In [12]:
import nltk
from nltk.tokenize import word_tokenize
from nltk.corpus import stopwords
from nltk.stem import PorterStemmer
import os
from wikipediaapi import Wikipedia

class NLTKStanfordNER:
    """
    Named Entity Recognizer using NLTK and Stanford NER.

    @param stanford_ner_path: Path to the Stanford NER tool directory.
    @param jar_path: Path to the Stanford NER JAR file.
    @param model_path: Path to the Stanford NER model file.
    """

    def __init__(self, stanford_ner_path, jar_path, model_path):
        """
        Initialize the Named Entity Recognizer.

        @param stanford_ner_path: Path to the Stanford NER tool directory.
        @param jar_path: Path to the Stanford NER JAR file.
        @param model_path: Path to the Stanford NER model file.
        """
        self.stanford_ner_path = stanford_ner_path
        self.jar_path = jar_path
        self.model_path = model_path
        self.stanford_ner = nltk.tag.StanfordNERTagger(model_filename=model_path, path_to_jar=jar_path)
        self.wikipedia = Wikipedia(user_agent='WDPS 13')


    # Need to adjust the preprocessing function, for now doesnt work, doesnt return anything
    def process_text(self, text, current_entity="", stemmed=True):
        """
        Tokenize, remove stop words, and apply stemming to the input text.

        @param text: Input text to be processed.
        @param current_entity: The current entity being processed.
        @param stemmed: Flag indicating whether to apply stemming. Default is True.
        @return: List of processed words.
        """
        """
        # Tokenize the text
        words = word_tokenize(text)

        # Remove stop words and stemming
        stop_words = set(stopwords.words('english'))
        """"""
        ps = PorterStemmer()

        processed_words = []
        for word in words:
            if word.lower() not in stop_words and len(word) > 1:
                processed_words.append(ps.stem(word) if stemmed else word)

        return processed_words
        """

    def entity_extraction(self, text):
        """
        Extract named entities from the input text.

        @param text: Input text containing named entities.
        @return: List of unique entities with information like name, type, and Wikipedia page URL.
        """
        words = word_tokenize(text)
        tagged_entities = self.stanford_ner.tag(words)

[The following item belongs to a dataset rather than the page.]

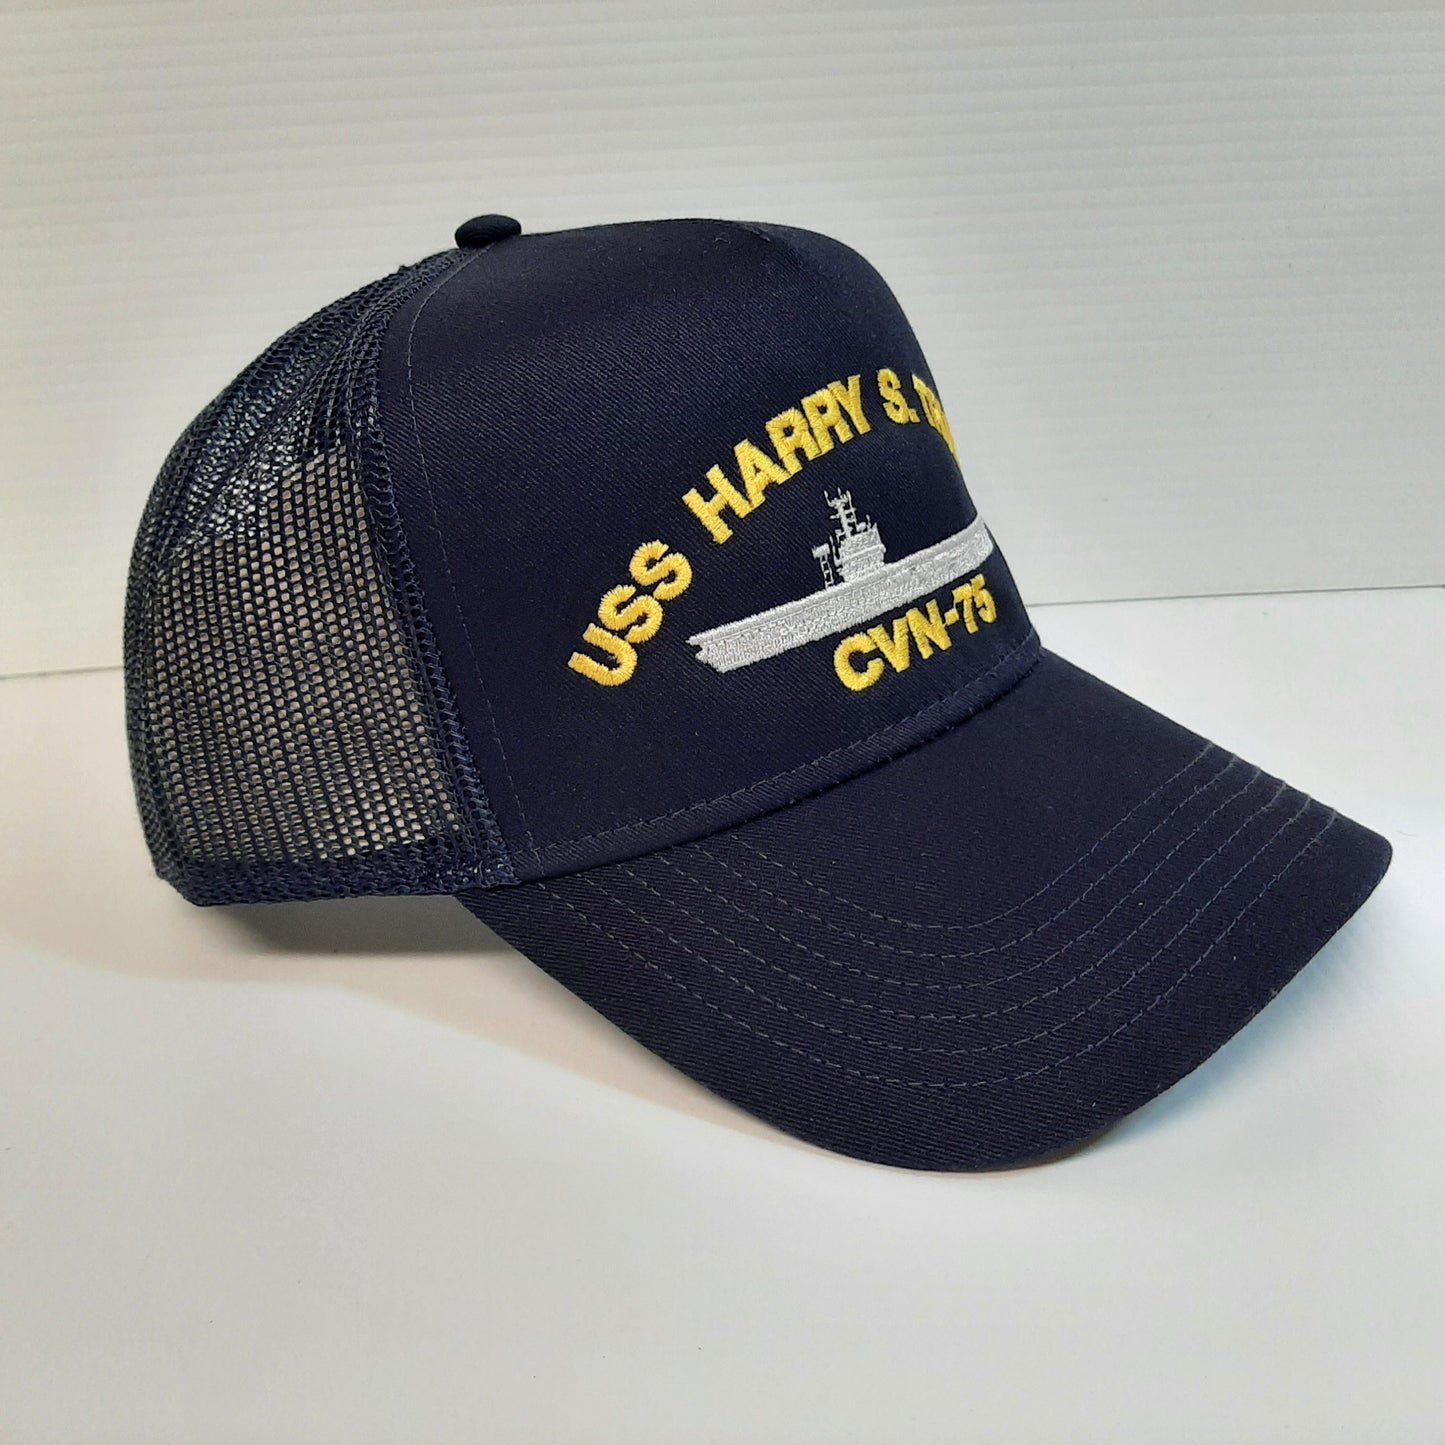 US Navy USS Harry S. Truman CVN-75 Hat Embroidered Baseball Cap Mesh Snapback

        entities_dict = {}
        current_entity = ""
        for word, tag in tagged_entities:
            if tag != 'O':
                current_entity += word + " "
            elif current_entity:
                current_entity = current_entity.strip()
                wikipedia_page = self.get_wikipedia_page(current_entity)
                if wikipedia_page.exists():
                    url = wikipedia_page.fullurl
                    if url not in entities_dict:
                        entities_dict[url] = {
                            'name': current_entity,
                            'type': tag,
                            'wikipedia_page': url
                        }
                current_entity = ""

        # Filter out entities with the same Wikipedia URL
        unique_entities = list(entities_dict.values())

        return unique_entities

    def get_wikipedia_page(self, entity):
        """
        Fetch the Wikipedia page for a given entity.

        @param entity: The entity for which to fetch the Wikipedia page.
        @return: Wikipedia page object or None if an error occurs.
        """
        try:
            return self.wikipedia.page(entity)
        except Exception as e:
            print(f"Error fetching Wikipedia page for {entity}: {e}")
            return None


# Example usage:
stanford_ner_path = '/Users/ranjan/Downloads/stanford-ner-2020-11-17'
jar_path = os.path.join(stanford_ner_path, 'stanford-ner.jar')
model_path = os.path.join(stanford_ner_path, 'classifiers/english.all.3class.distsim.crf.ser.gz')

nltk_stanford_ner = NLTKStanfordNER(stanford_ner_path, jar_path, model_path)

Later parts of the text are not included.